Reparenting and the Needs That Went Unmet

When Something Was Missing

Many people reach adulthood with a quiet sense that something’s off. Life might look functional or
even successful, yet underneath there’s a low level hum of emotional hunger, self doubt, or
tiredness that doesn’t quite add up. Often this isn’t because something obviously traumatic
happened, but because something essential quietly didn’t.
Reparenting yourself is the practice of giving yourself now what you didn’t reliably receive then. It’s
not about blaming your parents or putting your childhood on trial. It’s about being honest, without
cruelty, that some needs weren’t met and choosing to relate to yourself differently because of that.

 

What Reparenting Really Means

At its core, reparenting is about becoming your own secure base. A secure caregiver notices
distress, stays steady, and helps a child understand what’s happening inside them. When we didn’t
have that consistently, we adapted. We learned to minimise our feelings, grow up fast, stay alert, or
decide that needing support was a burden. Those strategies often helped us cope. Reparenting is
the slow, sometimes awkward process of realising we don’t need them in the same way anymore.

 

The Needs That Often Went Unmet

Many childhood gaps are subtle. Some people grew up without emotional validation and learned to
second guess themselves. Others lacked safety or predictability, which can later show up as
anxiety, control, or a constant sense of bracing. Some experienced neglect rather than obvious
harm. Everything looked “fine,” but no one was really there. Others had loving parents who simply
didn’t have the emotional capacity they needed. All of these experiences matter.

 

What This Looks Like in Real Life

Reparenting usually starts with noticing. We often become aware of what was missing when adult
life presses on old wounds. A partner doesn’t text back and panic flares. A small mistake brings a
wave of shame that feels wildly out of proportion. Instead of asking, “What’s wrong with me?” we
can ask, “What does this part of me need right now?”
In practice, this might mean catching an inner voice that’s sharp or dismissive and gently shifting it.
It might mean stopping when you’re overwhelmed instead of pushing through and paying for it later.
These moments aren’t dramatic, but they matter. They tell your nervous system that someone is
finally paying attention.

 

Care, Boundaries, and Inner Child Work

A healthy parent doesn’t just soothe, they also protect. Reparenting includes setting boundaries,
resting when you’re worn down, eating properly, or going to the doctor even when you really don’t
want to. These acts aren’t glamorous, but they’re stabilising.

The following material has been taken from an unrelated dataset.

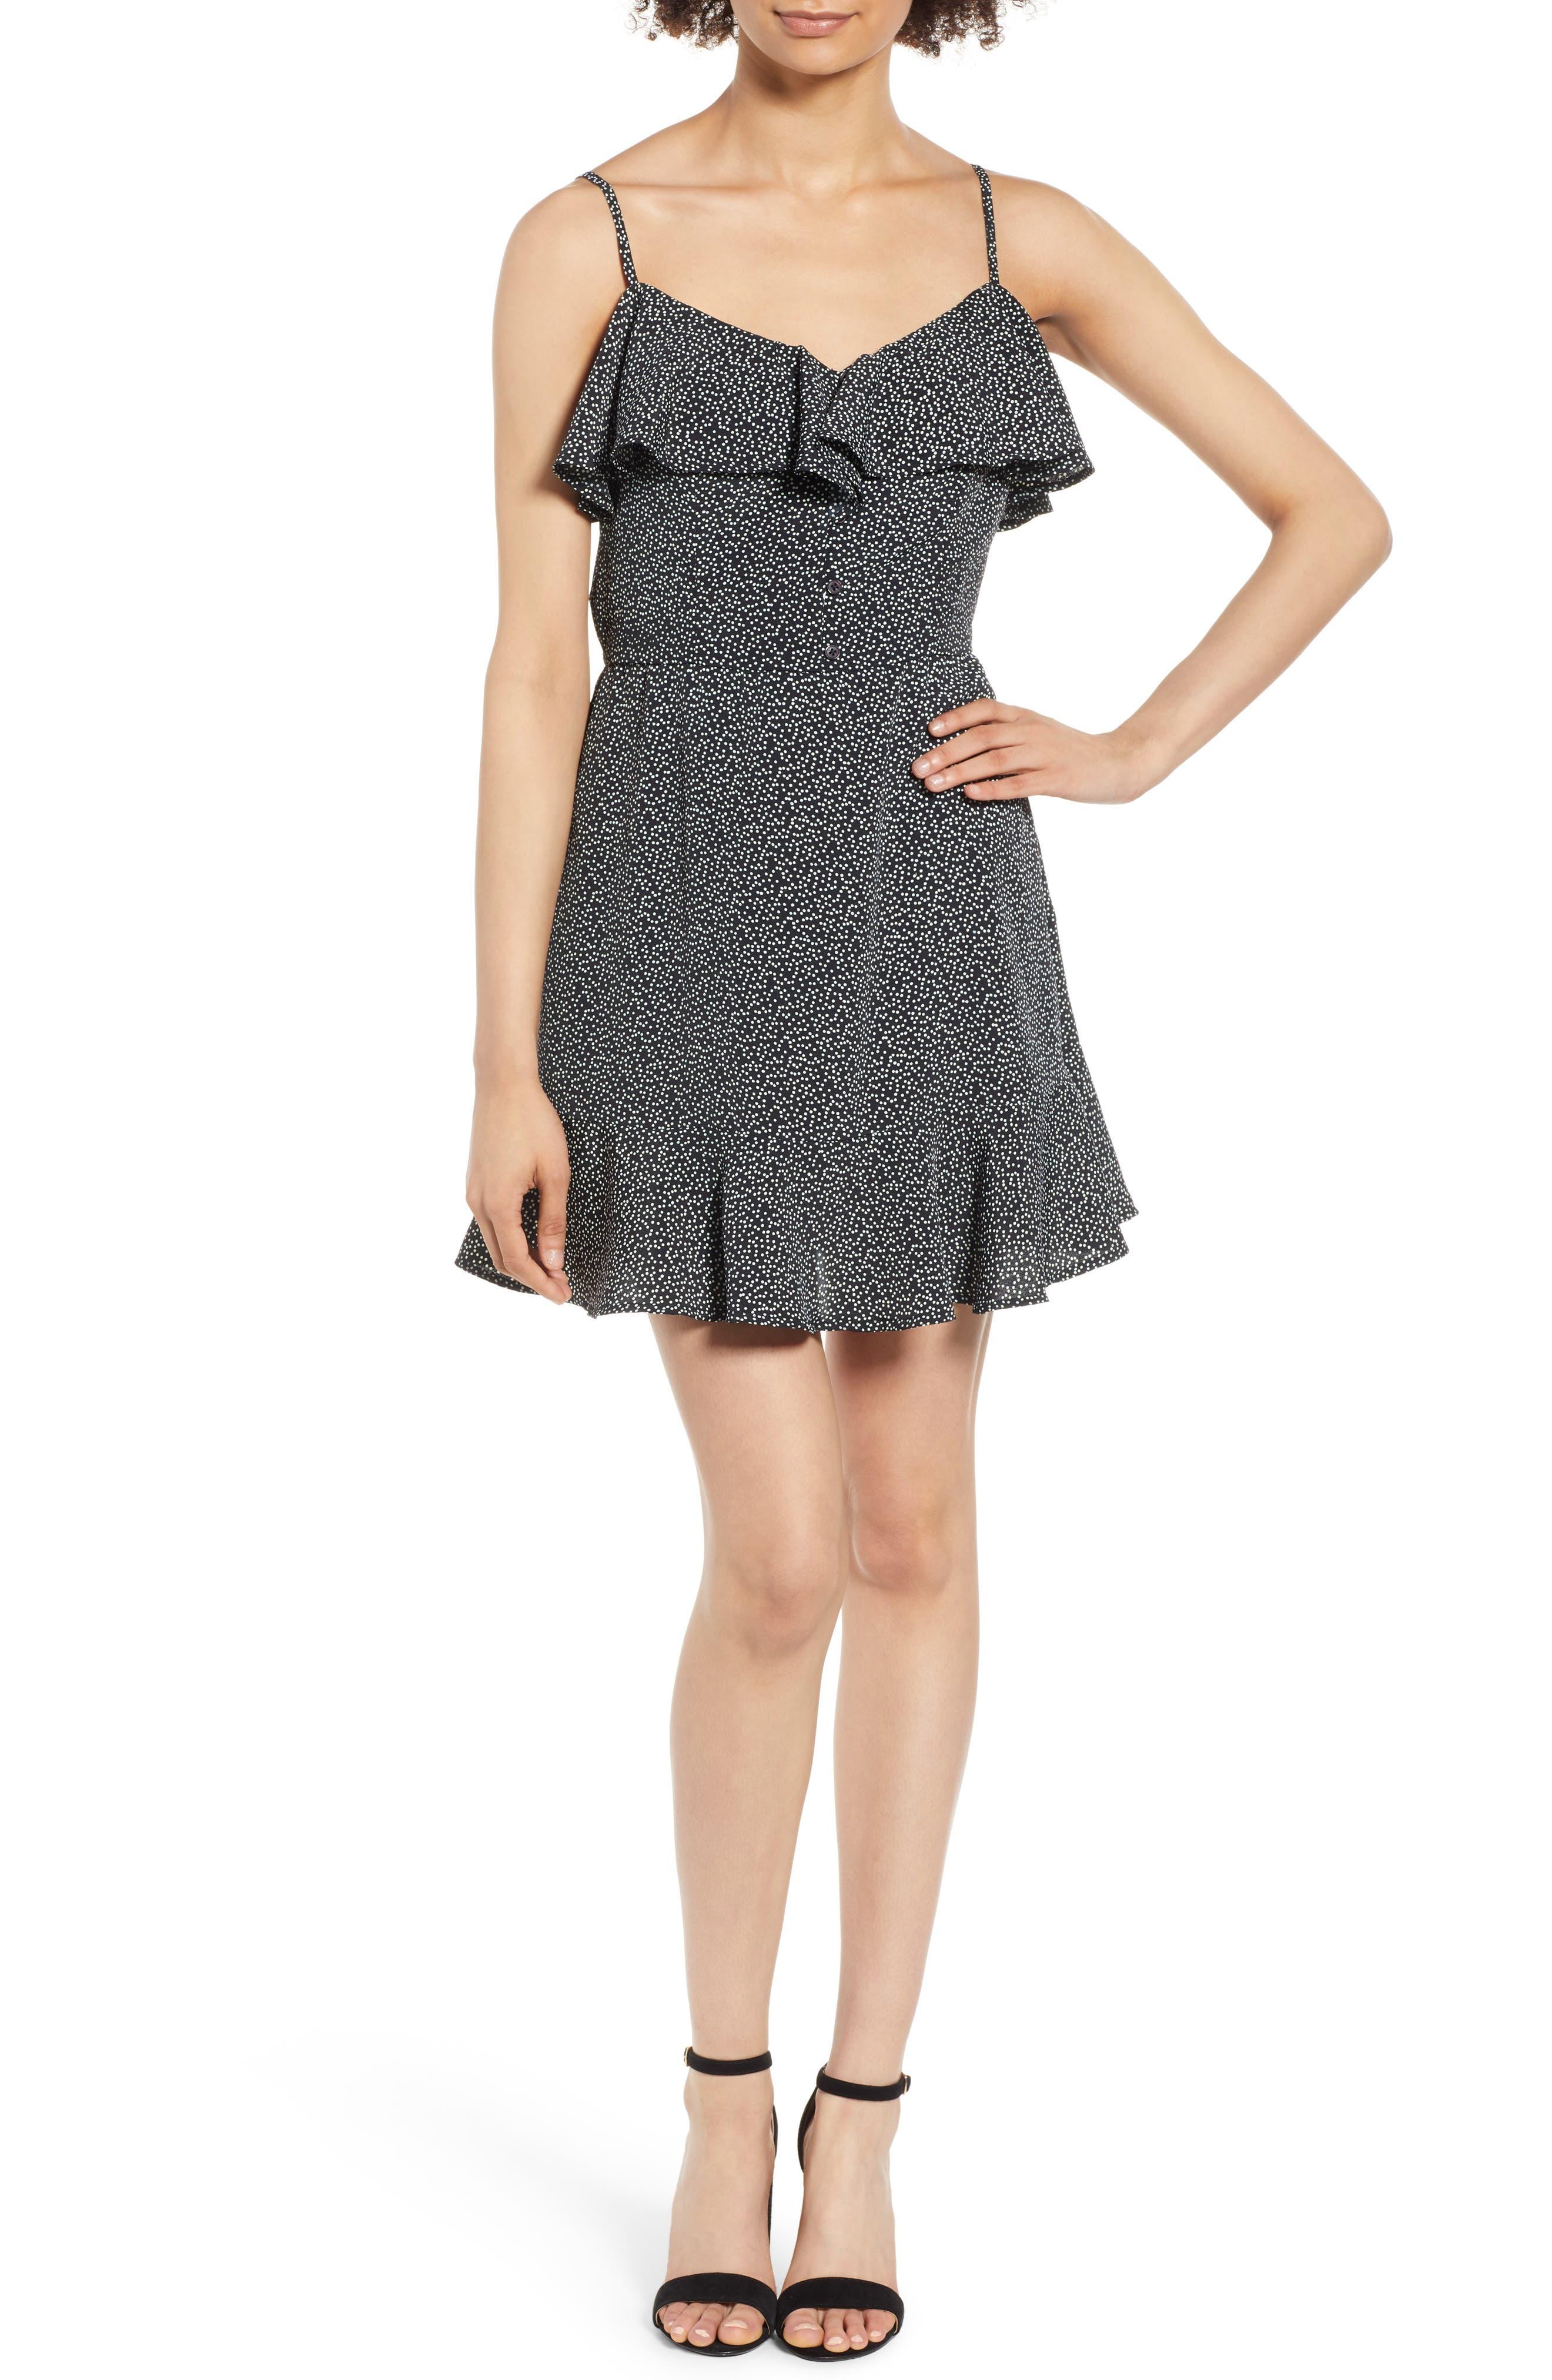 Button Front Frilly Dot Dress,                             Main thumbnail 1, color,                             Black Ground Polka Dot

Inner child work doesn’t need to be theatrical - you don’t have to visualise younger versions of
yourself if that makes you cringe. It can be as simple as noticing when a reaction feels younger than
your age and responding with patience rather than judgement.

 

Perfectly Imperfect

This work isn’t neat or linear. The nervous system learns safety slowly and often awkwardly, with
the occasional regression that feels frustrating. Some days you’ll feel grounded and capable, other
days you’ll wonder why you’re still struggling. That doesn’t mean you’re failing.

Reparenting isn’t about becoming perfectly healed or calm. It’s about building an internal
relationship that’s kinder, steadier, and more reliable over time. The work is ongoing, deeply
reparative and happens in every small moment of showing up for yourself.